Gestern wurde es beschlossen: Bis zum 31. August soll es in Deutschland keine Großveranstaltungen geben – mindestens. Gestern haben sich die Ministerpräsidenten der Länder und Bundeskanzlerin Angela Merkel darauf verständigt. Natürlich ist von dieser Regelung auch der Fußball betroffen. 

© DFL Deutsche Fußball Liga GmbH

Die weiterführenden Maßnahmen wurden von Bayerns Ministerpräsident Markus Söder auf einer Pressekonferenz zusammen mit Bundeskanzlerin Angela Merkel am frühen Mittwochabend der breiten Öffentlichkeit präsentiert. Unter dieses Verbot fallen Konzerte, Schützenfeste, Kirchweihen und insgesamt alle öffentlichen Veranstaltungen, bei denen größere Menschenmengen zusammenkommen würden. Auch wenn Sportveranstaltungen diesmal nicht konkret genannt wurden, ists klar, dass auch diese davon nicht ausgenommen sind. Nun ist die Frage, ob Profi-Fußball ohne Zuschauer überhaupt ein Thema sein kann. 

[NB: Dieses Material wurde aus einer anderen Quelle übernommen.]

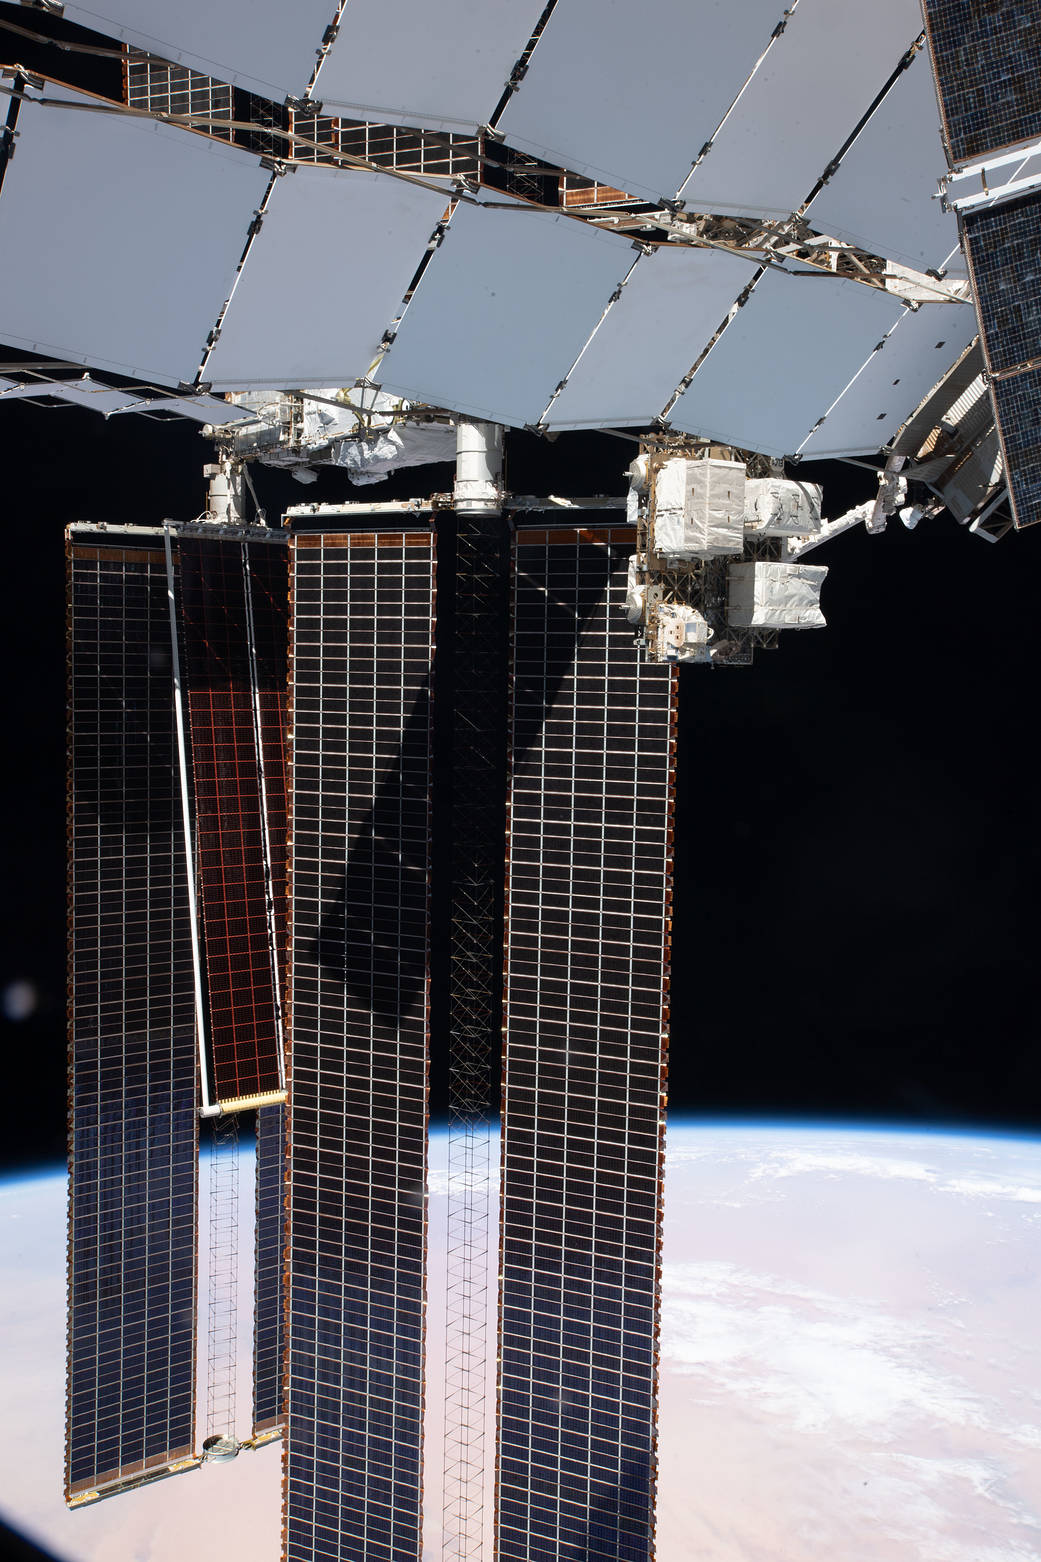 The new ISS Roll-Out Solar Array (iROSA) is deployed
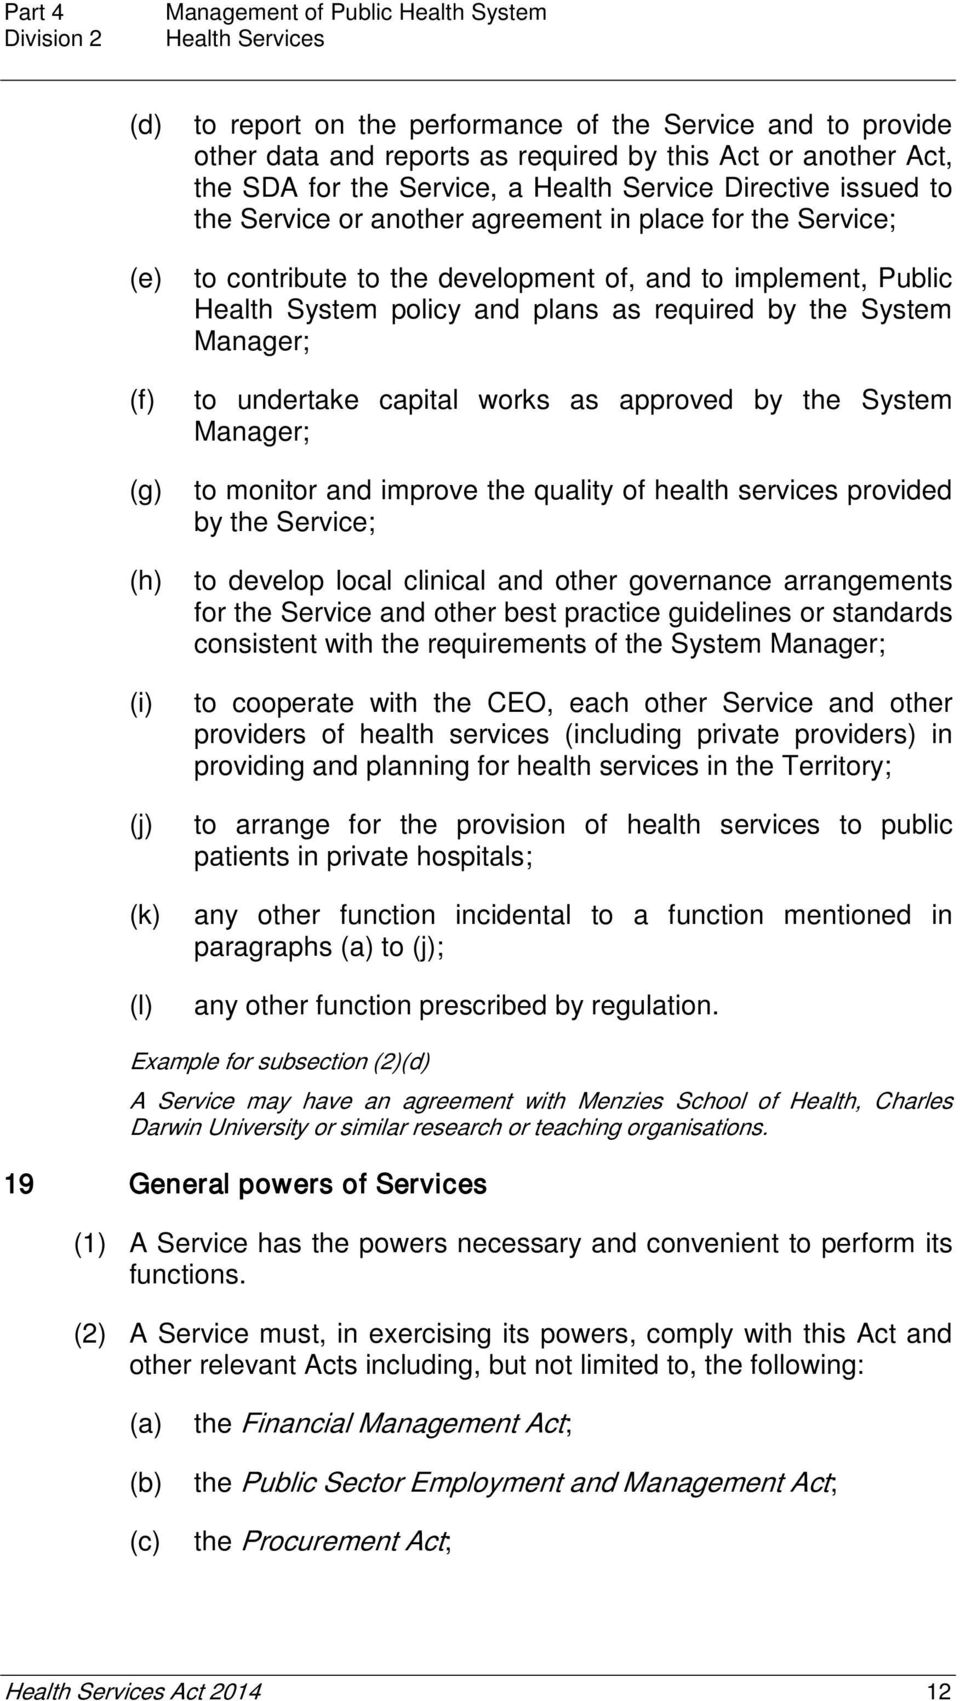 implement, Public Health System policy and plans as required by the System Manager; to undertake capital works as approved by the System Manager; to monitor and improve the quality of health services

Die nächste Gelegenheit zur Diskussion gibt es nun am 30. April. Es wäre unter anderem ggf. möglich, nur einige Zuschauer sehr weit im Stadion voneinander getrennt zu platzieren. Am 31. März hatte die DFL beschlossen, dass alle Spiele der 1. Und 2. Liga zumindest bis zum 30. April ausgesetzt werden. Am 23. April werden nun Vertreter der insgesamt 36 Klubs virtuell zusammenkommen, um zu entscheiden, ob und unter welchen Bedingungen der Ball in dieser Saison noch rollen könnte. Am Folgetag wird dann das DFB-Präsidium tagen. 

Das wichtigste Thema wird sein, wann ein Restart der Ligen in Betracht gezogen werden kann. Bereits jetzt sind sich die meisten einig, dass dies frühestens Mitte Mai passieren kann. Damit auch klar, dass das Pokalfinale in Berlin nicht am 23. Mai stattfinden kann. Die Terminierung der Halbfinals und des Finales liegen nun bei der Abstimmung zwischen DFB und DFL. Derweil steht Liga-Boss Christian Seifert schon seit Tagen in engem Kontakt mit den Medienpartnern der Liga über anstehende TV-Gelder. Eigentlich hätte am 10. April die letzte Rate der Gelder in Höhe von rund 304 Millionen Euro von allen Sendern bei der DFL eingehen müssen. Angestrebt ist nun, dass der Zahltag am 2. Mai stattfinden soll. Sollte das nicht passieren, droht gleich 13 Vereinen, darunter auch vier Bundesligisten, die Insolvenz. Angeblich sieht es aber im Hinblick auf neue Vereinbarungen und eine anschließende Zahlung nicht schlecht aus.